One more example: This does not type-check: ------------------------------------------------------- {-# LANGUAGE RankNTypes, ImpredicativeTypes #-} f :: [forall a. t a -> t a] -> t b -> t b f = foldr (.) id ------------------------------------------------------- Couldn't match expected type `forall a. f a -> f a' against inferred type `b -> c' In the first argument of `foldr', namely `(.)' But this, very similar, does type-check: ------------------------------------------------------- {-# LANGUAGE RankNTypes, ImpredicativeTypes #-} f :: [forall a. t a -> t a] -> t b -> t b f = foldr (\g -> (.) g) id ------------------------------------------------------- What is the reason for this? Thanks, Vladimir On 6/9/09, Vladimir Reshetnikov wrote:

Hi,

I have the following code: ------------------------------------------------------- {-# LANGUAGE RankNTypes #-}

f :: ((forall a. a -> a) -> b) -> b f x = x id

g :: (forall c. Eq c => [c] -> [c]) -> ([Bool],[Int]) g y = (y [True], y [1])
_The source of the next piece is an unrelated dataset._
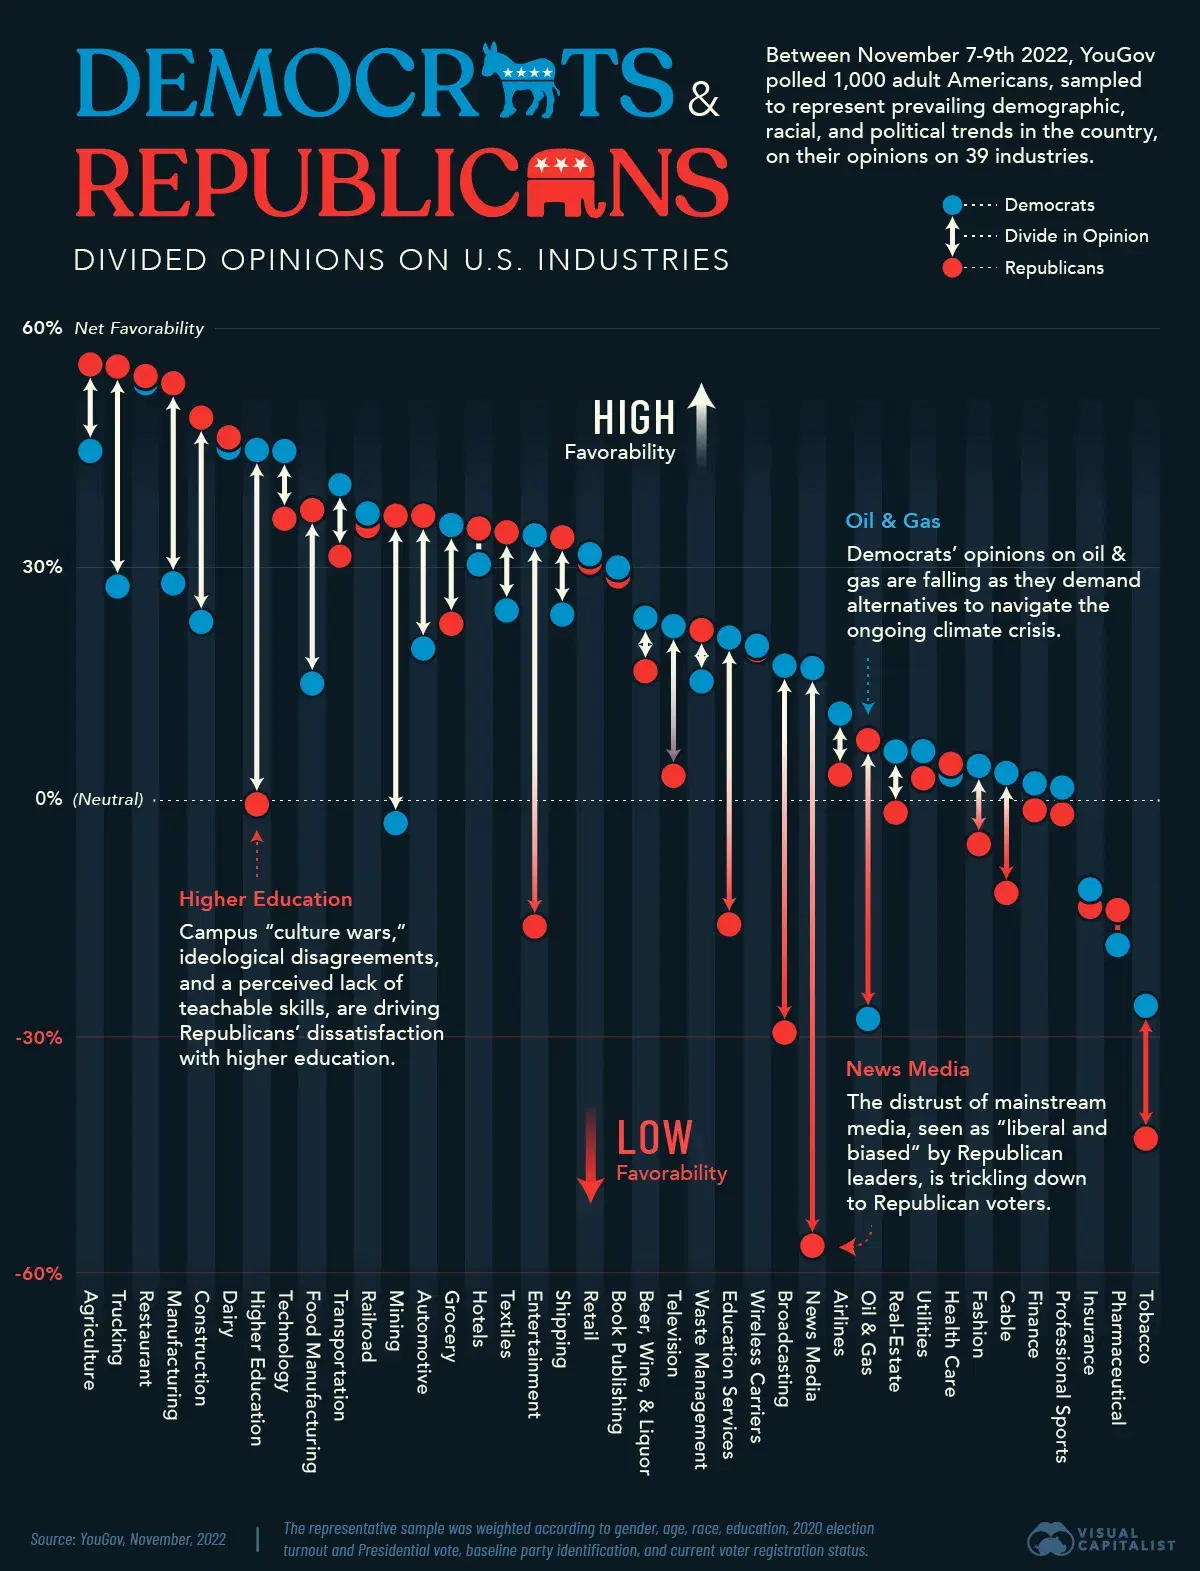 How Do Democrats and Republicans Feel About Certain U.S. Industries?

h :: ([Bool],[Int]) h = f g -------------------------------------------------------

GHC rejects it: Couldn't match expected type `forall a. a -> a' against inferred type `forall c. (Eq c) => [c] -> [c]' Expected type: forall a. a -> a Inferred type: forall c. (Eq c) => [c] -> [c] In the first argument of `f', namely `g' In the expression: f g

But, intuitively, this code is type-safe, and actually I can convince the typechecker in it with the following workaround: ------------------------------------------------------- h :: ([Bool],[Int]) h = let g' = (\(x :: forall a. a -> a) -> g x) in f g' -------------------------------------------------------

So, is the current behavior of GHC correct ot it is a bug? How unification for rank-N types should proceed?

Thanks, Vladimir